Imagine what would have happened to Facebook stock if this acquisition was not done? Investors are more comfortable to assign a higher valuation to them after they bought possible competition. This deal is in favor of Facebook because of huge capital gains. Those gains in valuation will net off any purchase price. Of course the Whatsapp founder’s share in Facebook also grow too as well. This was a win-win deal for both companies and very well structured.
A simple case of working together and creating a more valuable company, rather than competing and reducing each other’s valuation. African startups actually really need to learn this. The mechanics of this deal fascinates me. Whatsapp technically made a loss the year after the deal but Facebook’s value still grew. I am sure the founders can’t wait for their vesting period to end.

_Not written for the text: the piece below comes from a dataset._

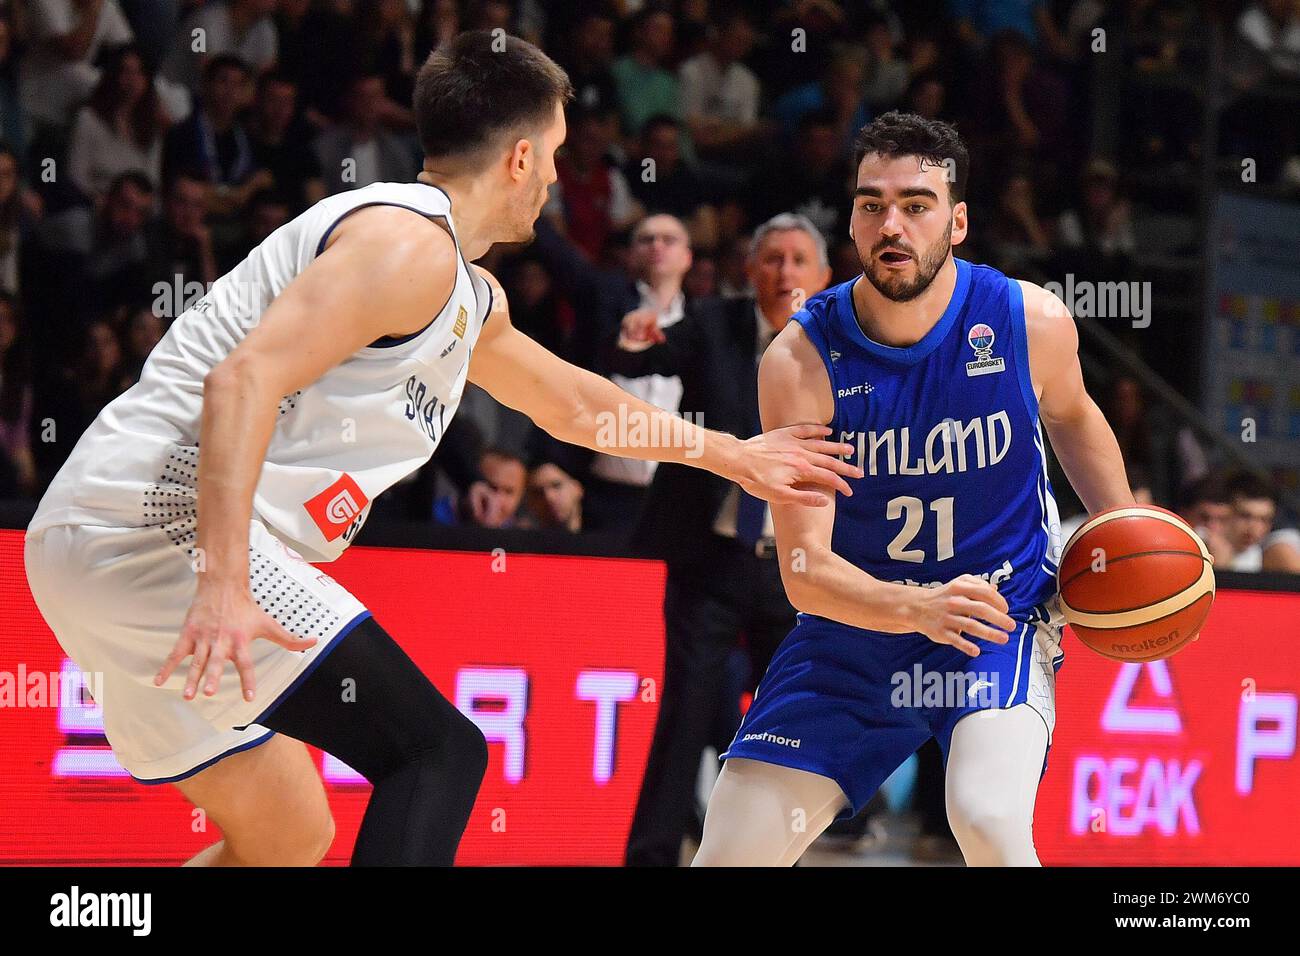 Belgrade, Serbia, 23 February, 2023. Edon Maxhuni of Finland in action during the EuroBasket 2025 Qualifiers match between Serbia and Finland at Aleksandar Nikolic in Belgrade, Serbia. February 23, 2023. Credit: Nikola Krstic/Alamy Stock Photo
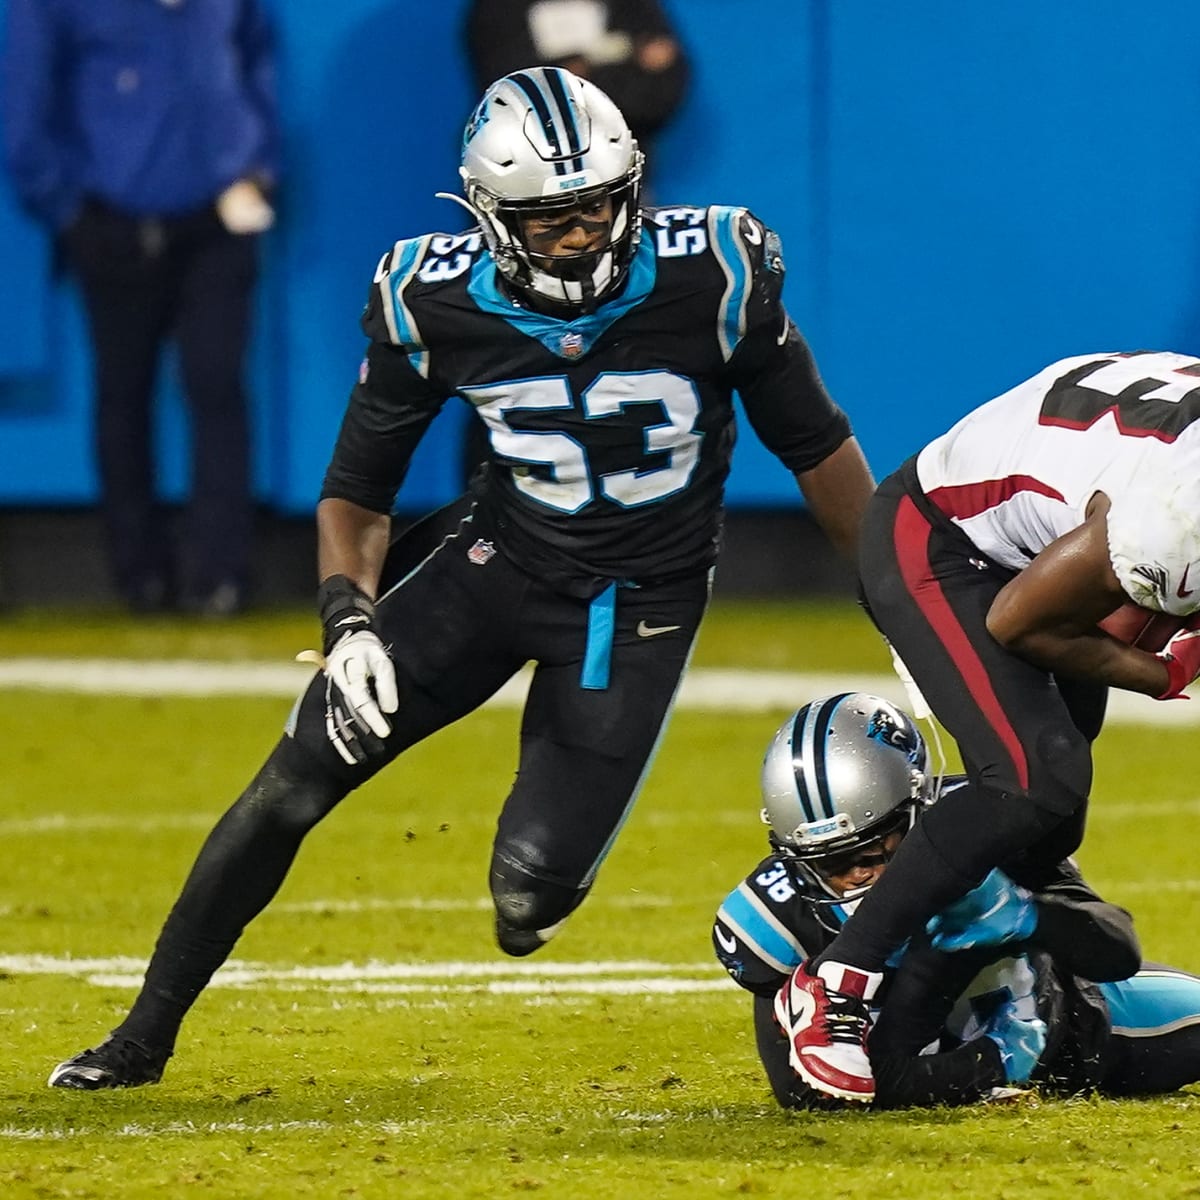 Panthers Brian Burns is NFC Defensive Player of the Week

Very interesting insight into the ‘aqui-merger’ almost perfectly suitable for both competition.
But I’d like the ask for the benefit of a related discourse; in the absence of the stock market how does FB truly extract Whatsapp’s value?
Because in the long term this same stock market will begin to react if Whatsapp continues to lose money without a clear 1B user strong monetization plan for the future.